NEW YORK (GenomeWeb) – An international team led by investigators in China, Taiwan, and Belgium has sequenced the genome of the orchid Phalaenopsis equestris — a favored parental plant in orchid breeding and the first sequenced representative of plants that perform photosynthesis using crassulacean acid metabolism.
As they reported in Nature Genetics today, the researchers sequenced DNA from an inbred P. equestris line and used it to produce an almost 1.1-billion-base genome assembly.
The resulting draft sequence spans roughly 93 percent of the complete P. equestris genome and contains more than 29,000 predicted protein-coding genes: among them, candidate genes that appear to explain everything from the plant's place in the plant family tree to the genes behind its distinguishing features.
"The complete genome sequence of P. equestris will provide an important resource to start exploring orchid diversity and evolution at the genome level, which will be important for ecological and conservation purposes," the study's authors wrote.
"The genome sequence will also be a key resource for the development of new concepts and techniques in genetic engineering, such as molecular marker-assisted breeding and the production of transgenic plants, which are necessary to increase the efficiency of orchid breeding and aid orchid horticulture research," they added.
In addition to their economic significance and desirability as ornamental plants, the researchers explained, members of the Orchidaceae plant family have drawn attention from investigators due to their intricate floral structure, varied reproductive capabilities, diverse ecological specializations, and co-evolution with insect pollinators.
Orchids are also amongst the plants that rely on crassulacean acid metabolism, or CAM, a form of photosynthesis in which plants take in carbon dioxide through their leaves at night, rather than the daytime, to decrease water loss by evaporation. That carbon dioxide is then stored and used for photosynthesis during the day.
In an effort to start untangling the genetic underpinnings for these and other orchid features, the researchers focused on the diploid P. equestris species. After creating libraries from DNA in leaves and flowers from multiple representatives in the same inbred P. equestris line, they sequenced seven of the libraries using the Illumina HiSeq 2000 instrument.
In the process, the team generated more than 119 billion bases of sequence data, which it used to assemble a 1.086-billion-base draft assembly for P. equestris.

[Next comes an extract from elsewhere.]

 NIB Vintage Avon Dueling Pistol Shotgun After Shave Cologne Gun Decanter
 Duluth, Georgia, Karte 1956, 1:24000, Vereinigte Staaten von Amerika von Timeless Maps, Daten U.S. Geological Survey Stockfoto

To aid in their annotation of the genome and gene expression profiling of the plant, the researchers also generated RNA sequence data on P. equestris root, stem, leaf, and flower samples. They noted that an existing database known as OrchidBase also contains transcriptome sequence data for the plant.
The team's analysis identified 29,431 predicted protein-coding sequences in the P. equestris genome, though repetitive elements such as interspersed repeats, transposable elements, and tandem repeats made up more than 60 percent of the plant's genome.
Nearly 5,700 P. equestris gene families overlapped with those found in rice, grapevine, and Arabidopsis thaliana. On the other hand, some 4,171 orchid genes appeared distinct from genes documented in a wide range of sequenced plants that included Arabidopsis thaliana, black cottonwood, grapevine, rice, purple false brome grass, sorghum, maize, Physcomitrella patens moss, and sequenced green algae species.
Within tricky-to-assemble regions of the genome that contained highly heterozygous sequences, meanwhile, the team saw variant clusters containing some 1.7 million SNPs. The heterozygous regions were also home to a slew of genes related to plant defense and programmed cell death, which are suspected of contributing to plant processes that deter self-pollination.
The researchers' look at the orchid's evolutionary history and relationships to other plants — based on a phylogeny built from information at up to 342 single-copy genes — indicated that orchids belong to a lineage that split from other monocot plants roughly 135 million years ago.
That split was followed by a whole-genome duplication event involving the ancestor of most orchid clades that occurred an estimated 75.57 million years ago, they reported.
For subsequent stages of their analysis, the researchers tracked down and characterized genes involved in orchid flower morphology and development as well as enzyme-coding genes contributing to CAM.
For instance, the data available indicated that CAM-based photosynthesis in orchids evolved through a series of gene duplication and gene loss events in that lineage. Nevertheless, the team noted duplicated genes involved in that process do not seem to stem from the whole-genome duplication documented in the orchid ancestor.